Exercise instructions
Everything in the listing below should be repeated verbatim, apart from the pictures.

Dataset excerpt
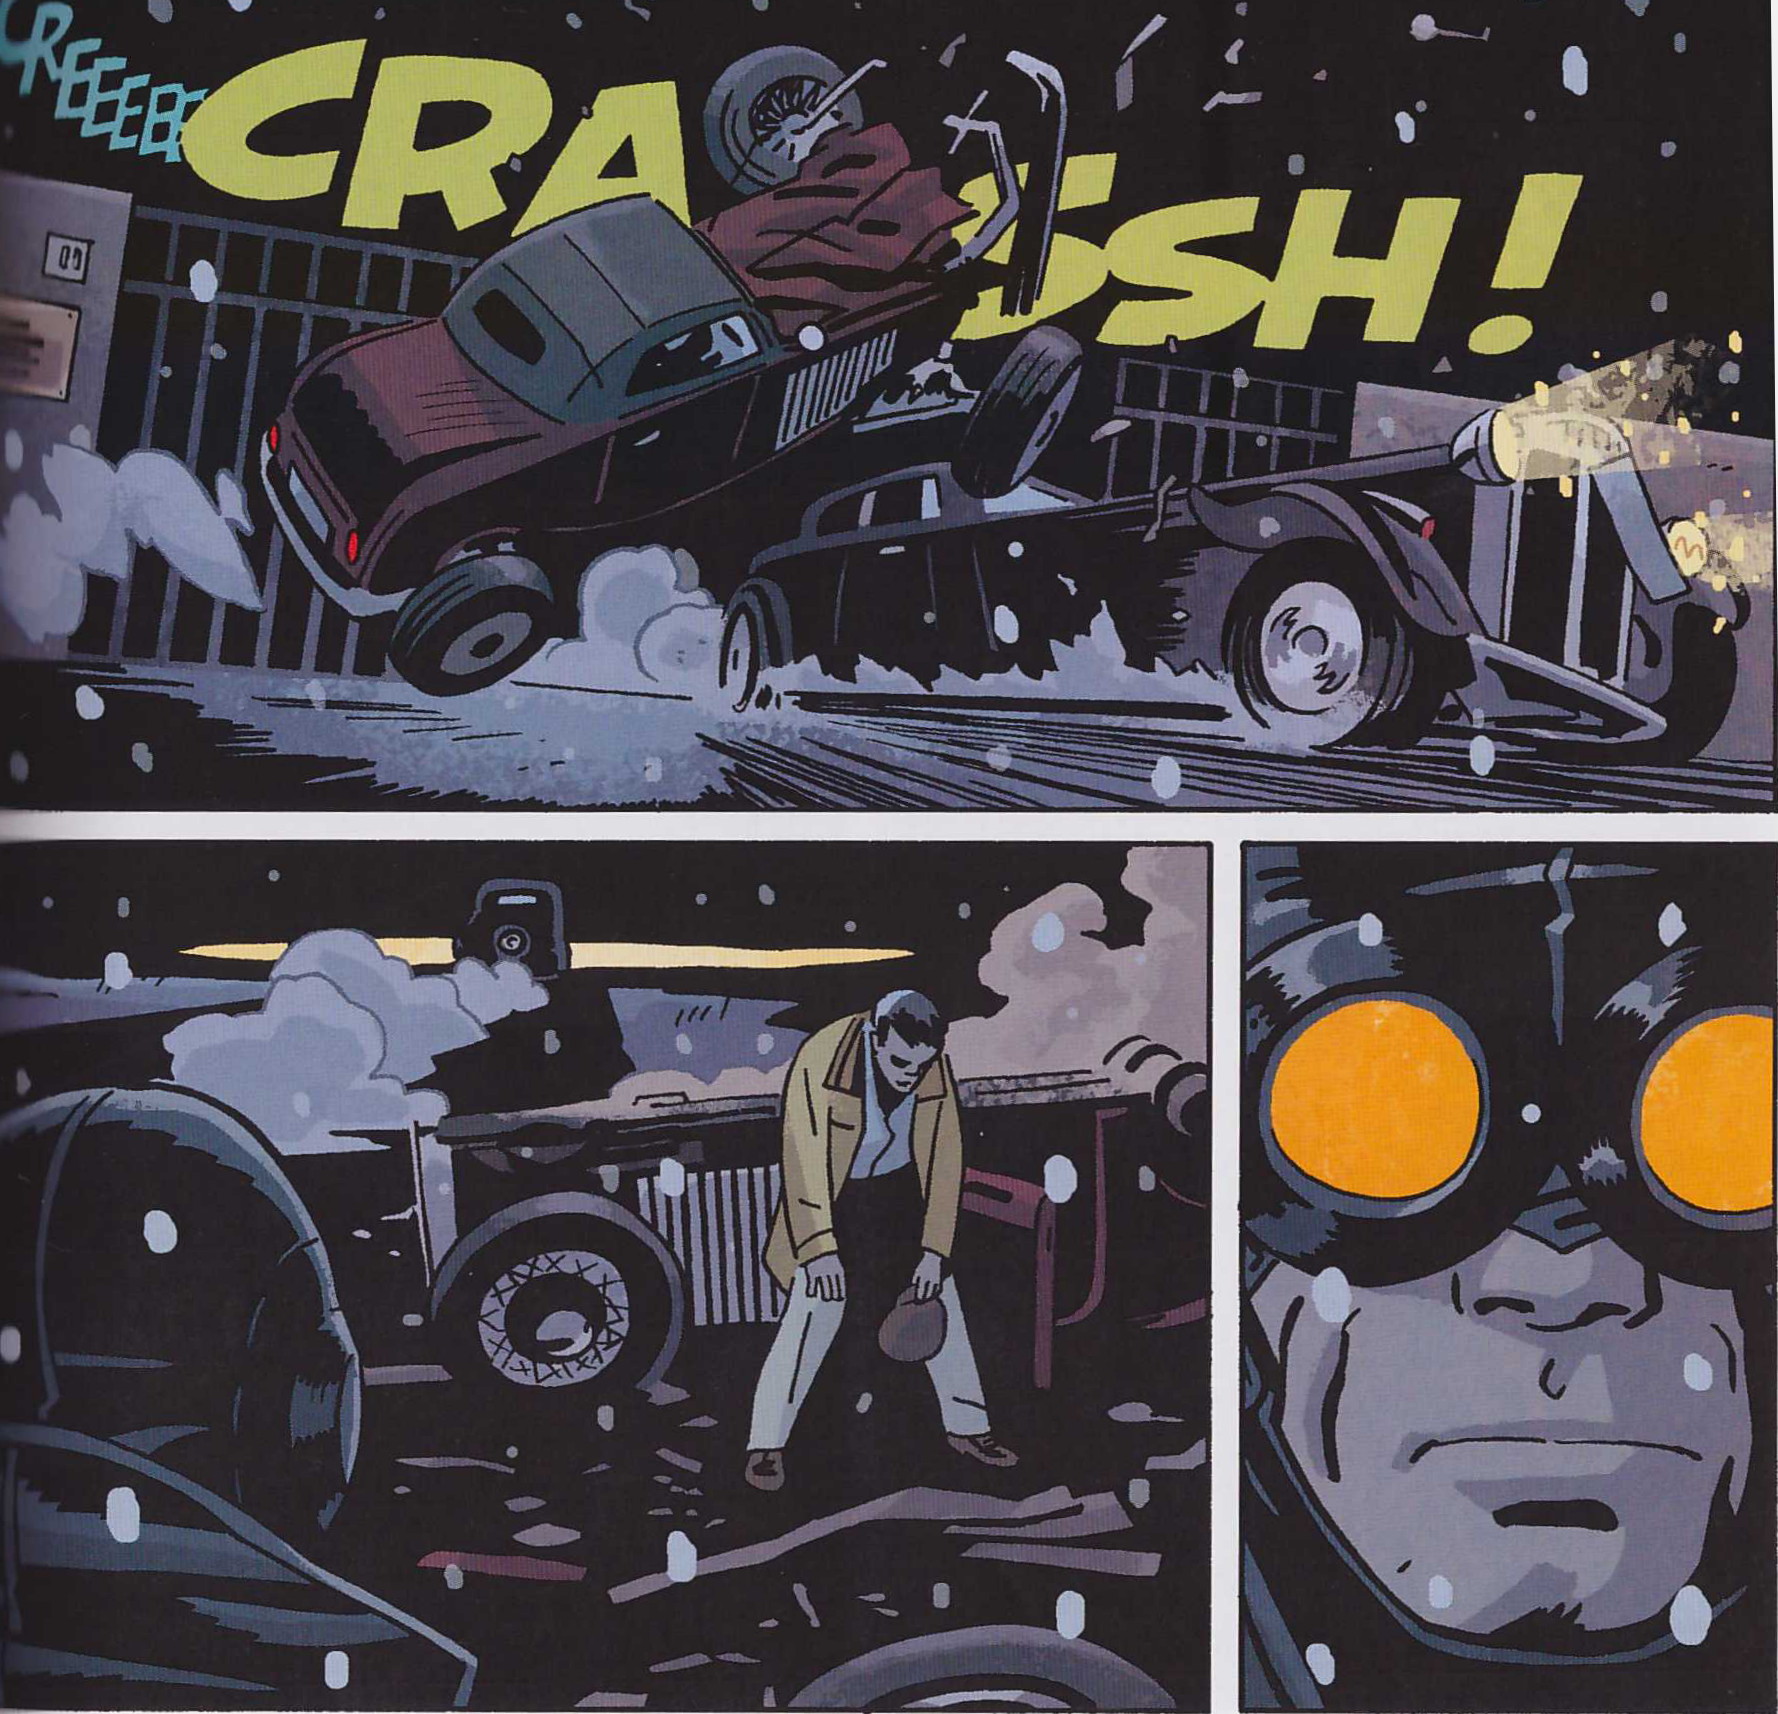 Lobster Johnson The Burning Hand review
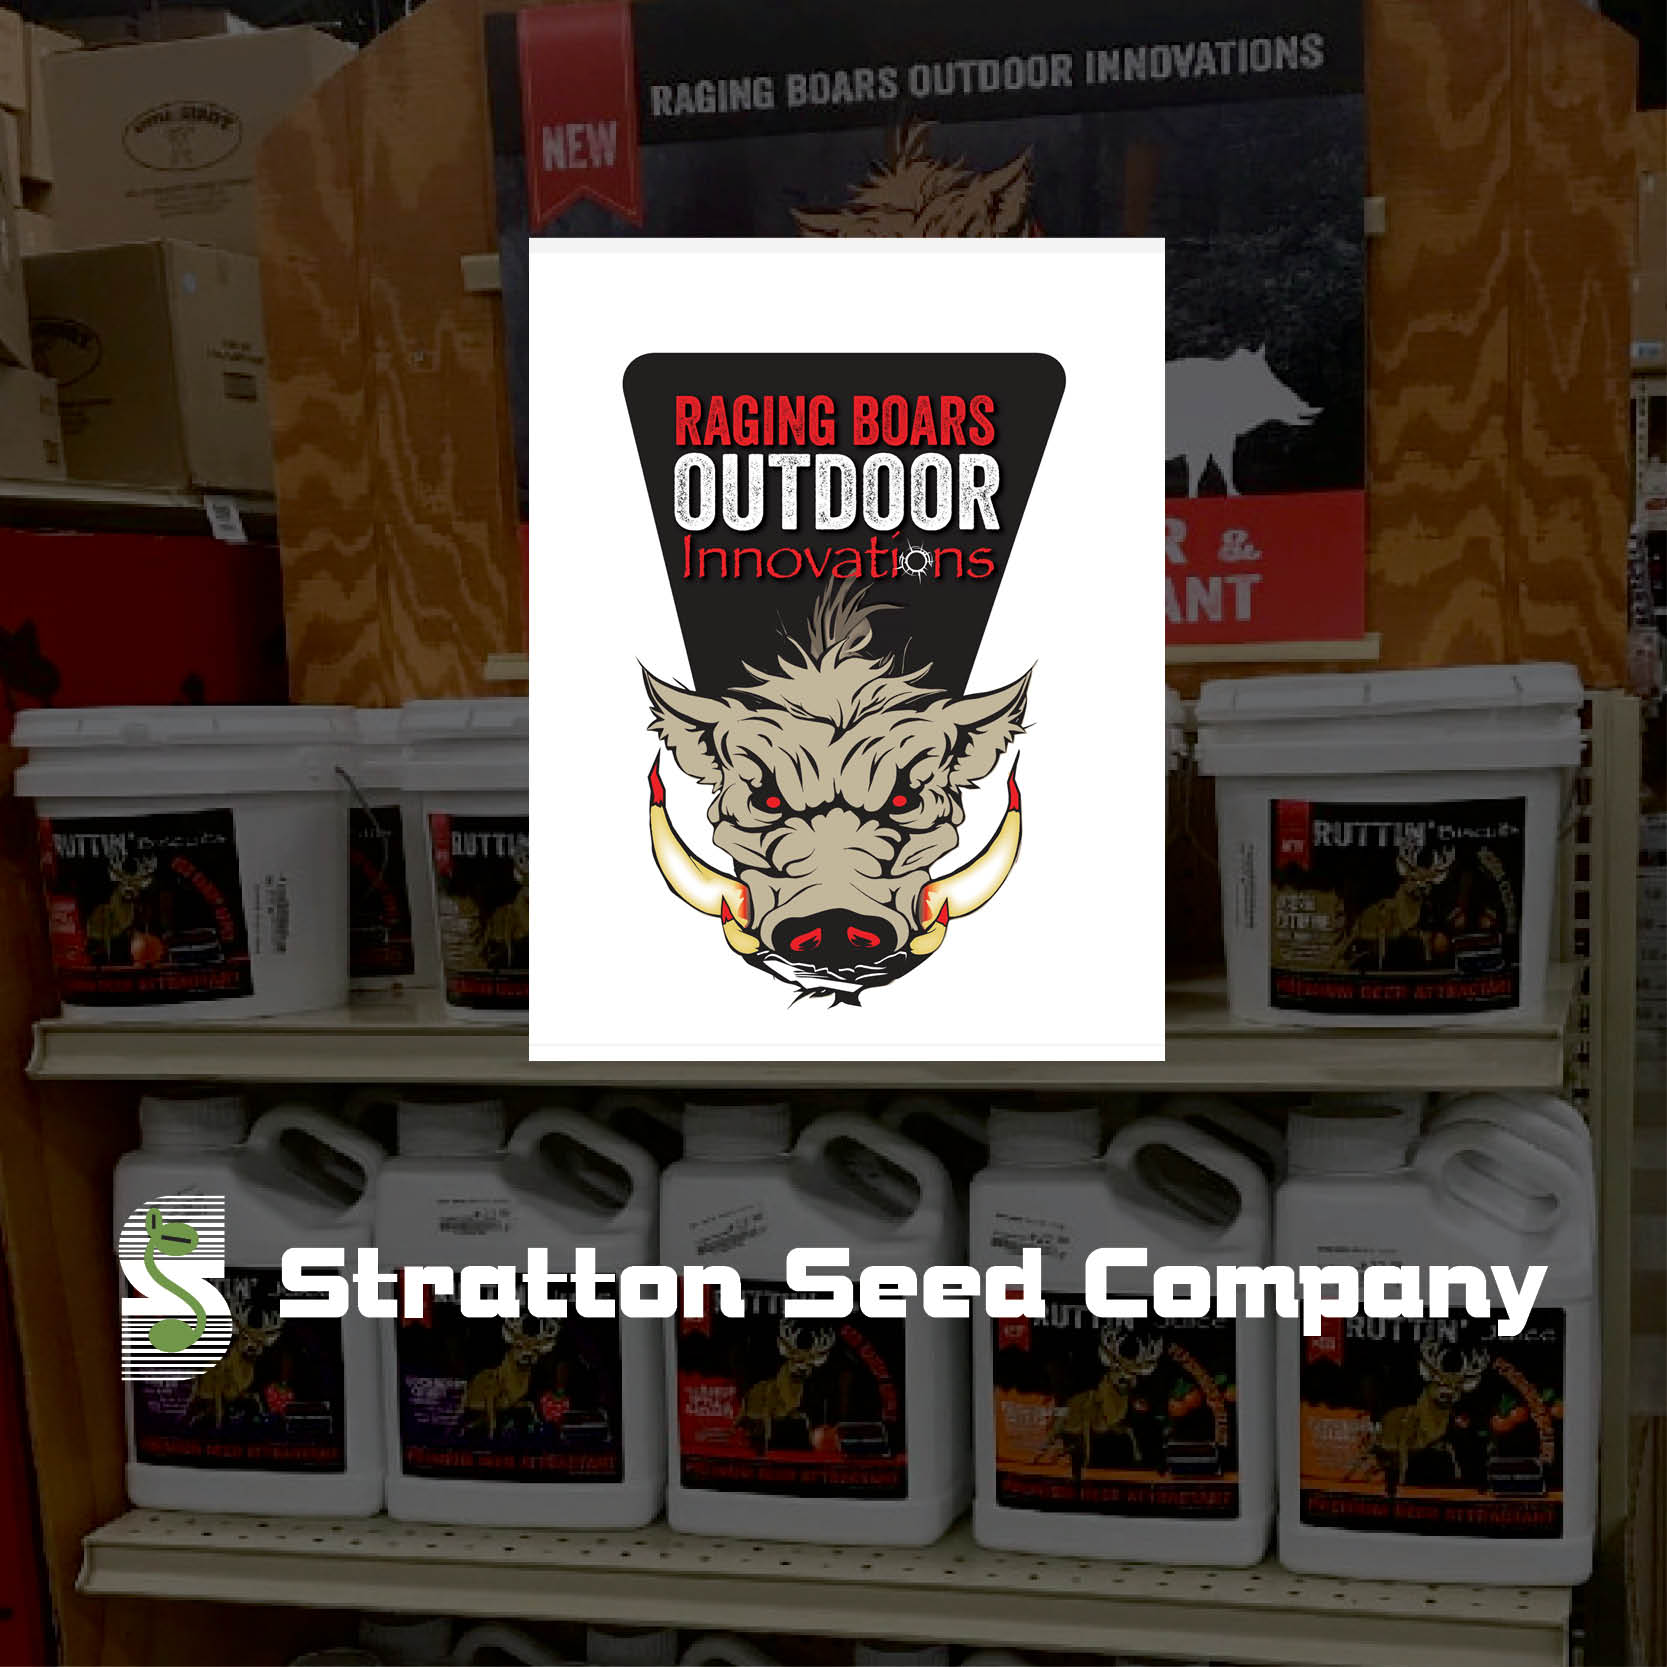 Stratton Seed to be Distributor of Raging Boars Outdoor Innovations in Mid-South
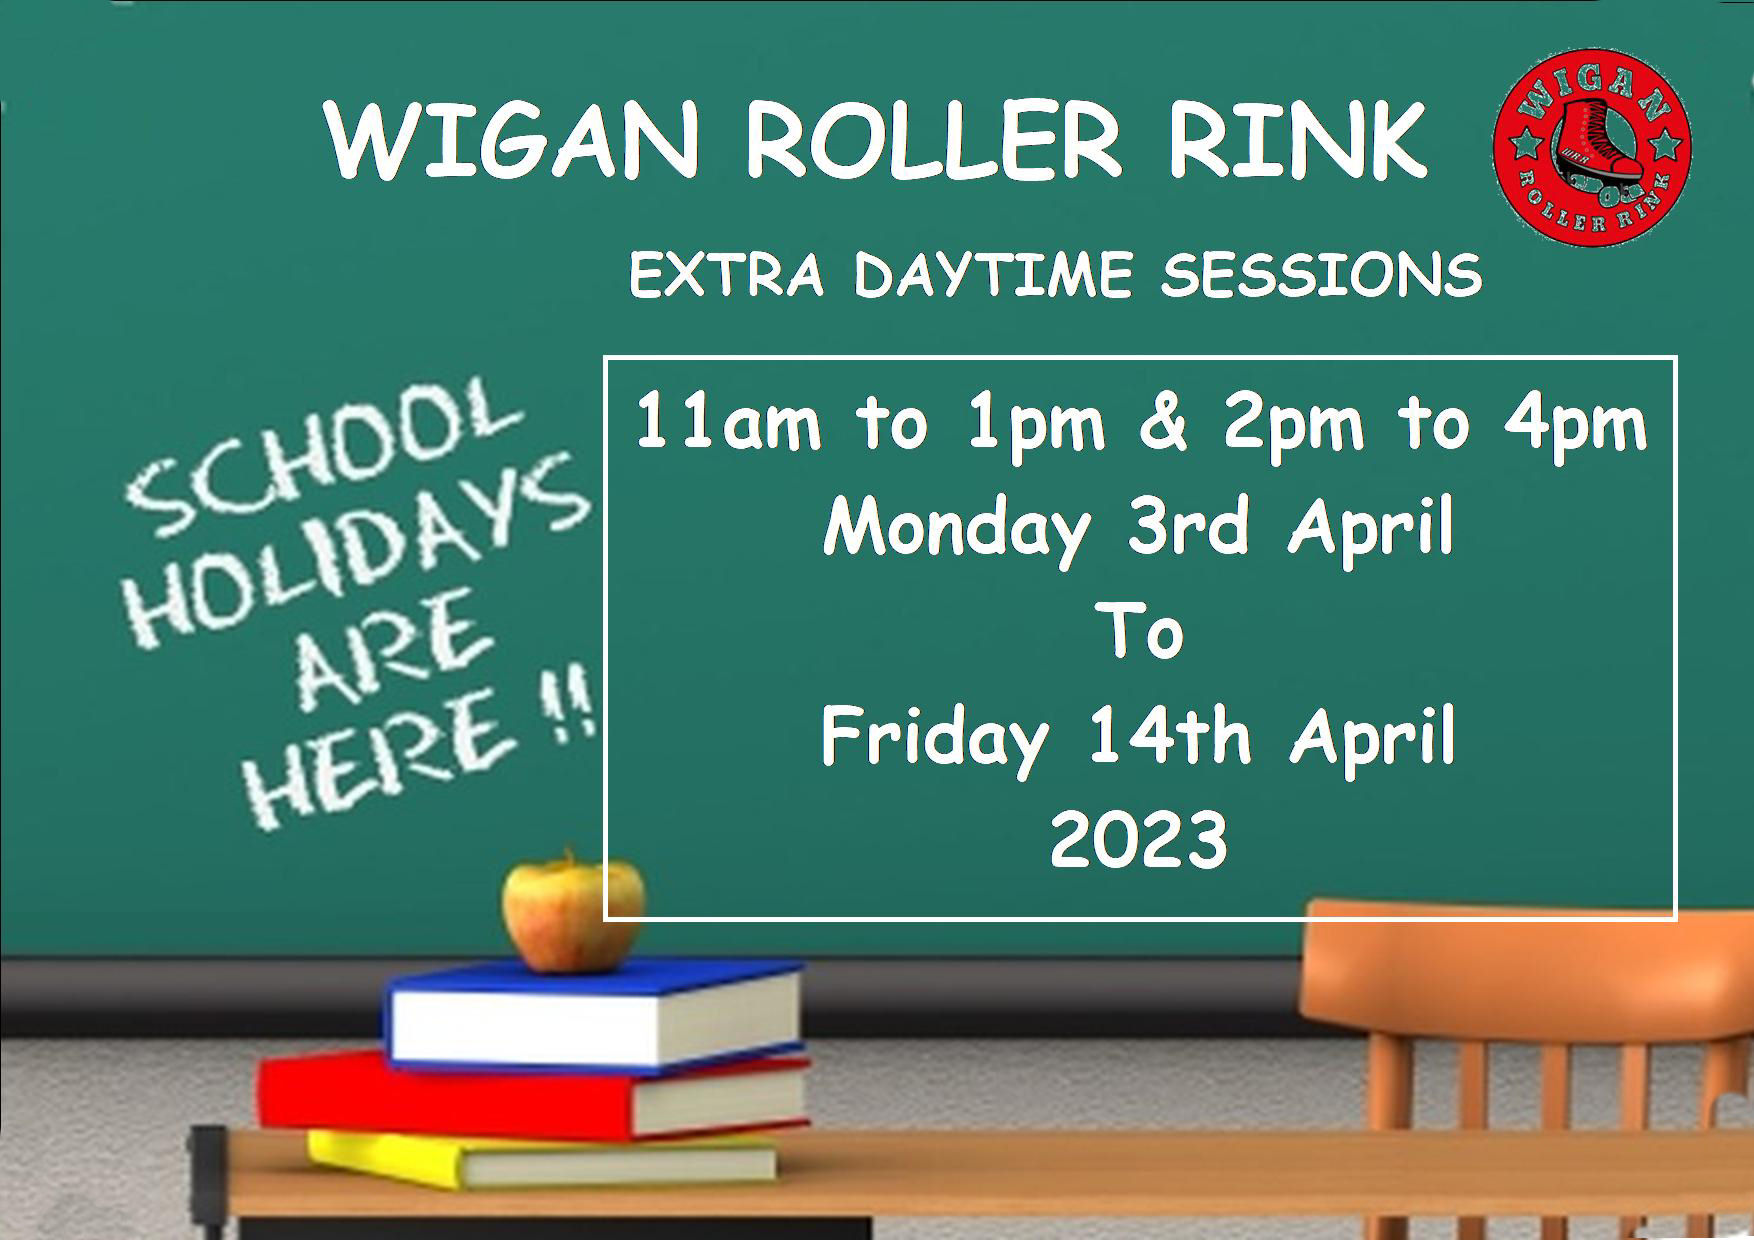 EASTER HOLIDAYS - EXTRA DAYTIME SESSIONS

Result below
 Lobster Johnson The Burning Hand review
 Stratton Seed to be Distributor of Raging Boars Outdoor Innovations in Mid-South
 EASTER HOLIDAYS - EXTRA DAYTIME SESSIONS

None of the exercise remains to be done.